This forum is closed to new posts and
responses. Individual names altered for privacy purposes. The information contained in this website is provided for informational purposes only and should not be construed as a forum for customer support requests. Any customer support requests should be directed to the official HCL customer support channels below:
~Julia Fezveluburjip 17.Dec.03 03:03 PM a Web browser Domino Server6.0.2 CF2Solaris
We are running a Domino cluster on two machines, with the ICM running on it own separate partitioned server on one of the machines. Since upgrading to Domino 6 & Solaris 9 the ICM regularly keels over and dies (well, it stops responding and the partioned Domino server refuses connections). To add to the agony, running NSD -kill usually fails to identify the processes attached to this server instance and I have to resort to using pkill -9 -u to stop it.

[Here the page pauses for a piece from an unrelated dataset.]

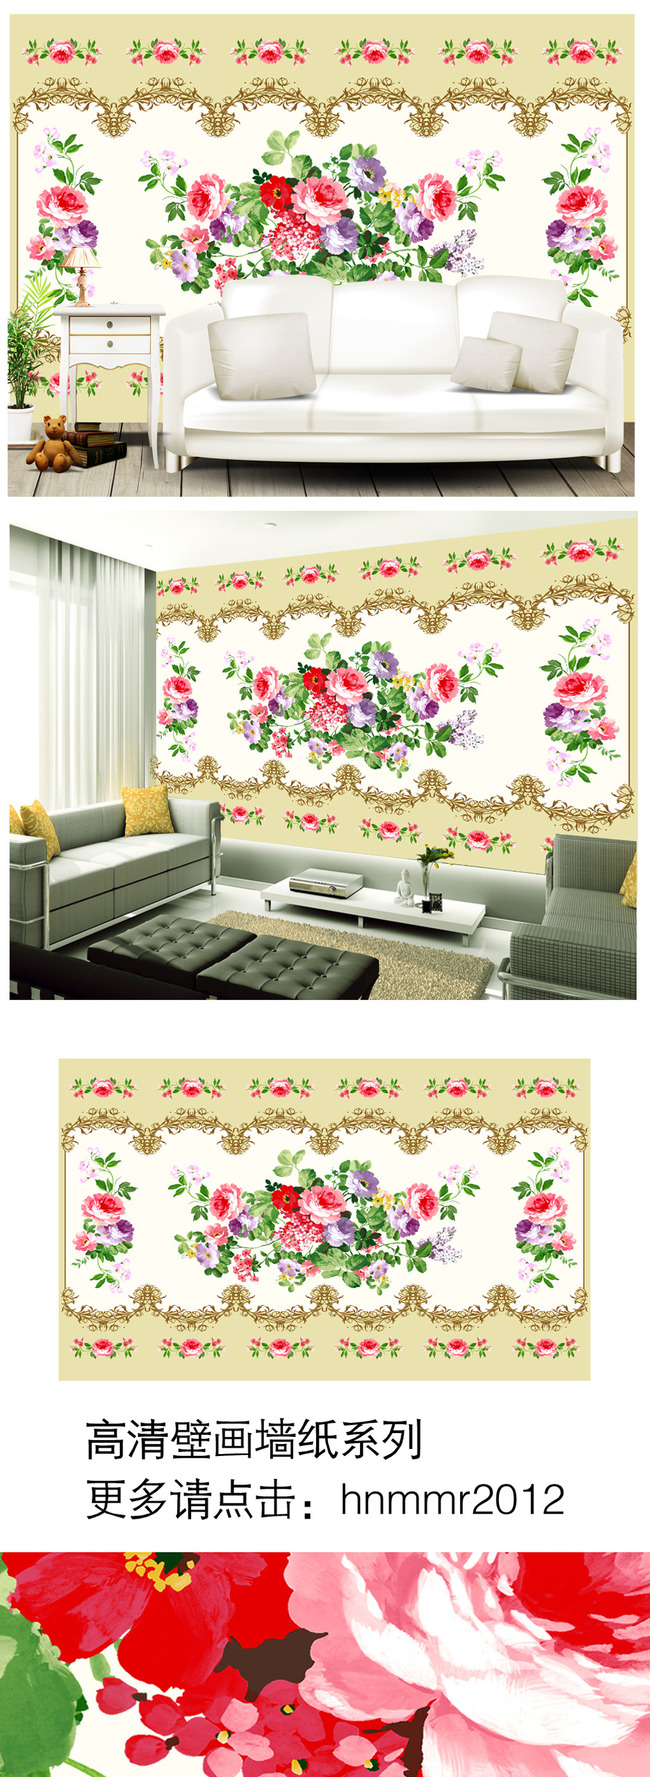 沙发背景墙 简欧风格 壁画 墙画 墙纸 室内装饰 韩式手绘玫瑰花 韩式

I have, along with resident Solaris experts, spent many hours trying to track down the problem. I have discovered the following (altho' I dont know if it's related):
1. The fault recovery log for the ICM server is full of entries that read "[13] ERROR: Message queue failure: REMOVE ITEM" at a frequency of about three a minute. These generally start within about 30 minutes, or much less, of the other Domino server on the same machine starting.

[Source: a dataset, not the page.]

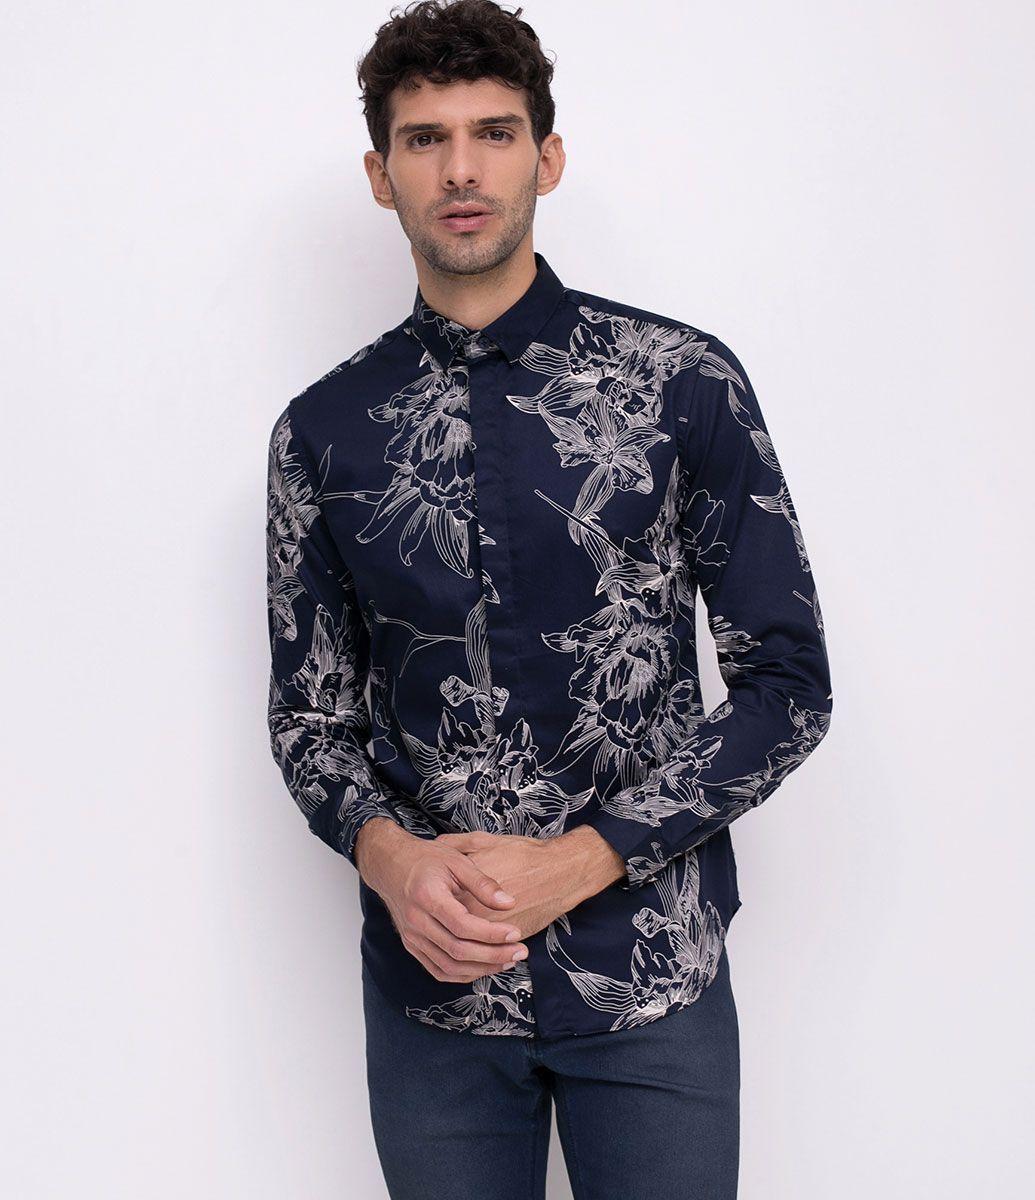 4ed12cf27a Camisa masculina Manga longa Estampada Marca  Request Tecido  algodão.  poliéster Composição  100

2. The other partitioned server on the same machine writes "[11] ERROR: Process being removed not in queue: xxxx" to the fault recovery log when it shuts down.
3. ipcs reveals that the message queue for the ICM server has vanished when the errors are appearing in its fault recovery log.
4. The ICM server regularly complains that another Domino process is sharing log.nsf, which it isn't as far as I can see.
We have the rlim_fd_max set at 65536 and msgtql at 1024 (and have tried 2048!).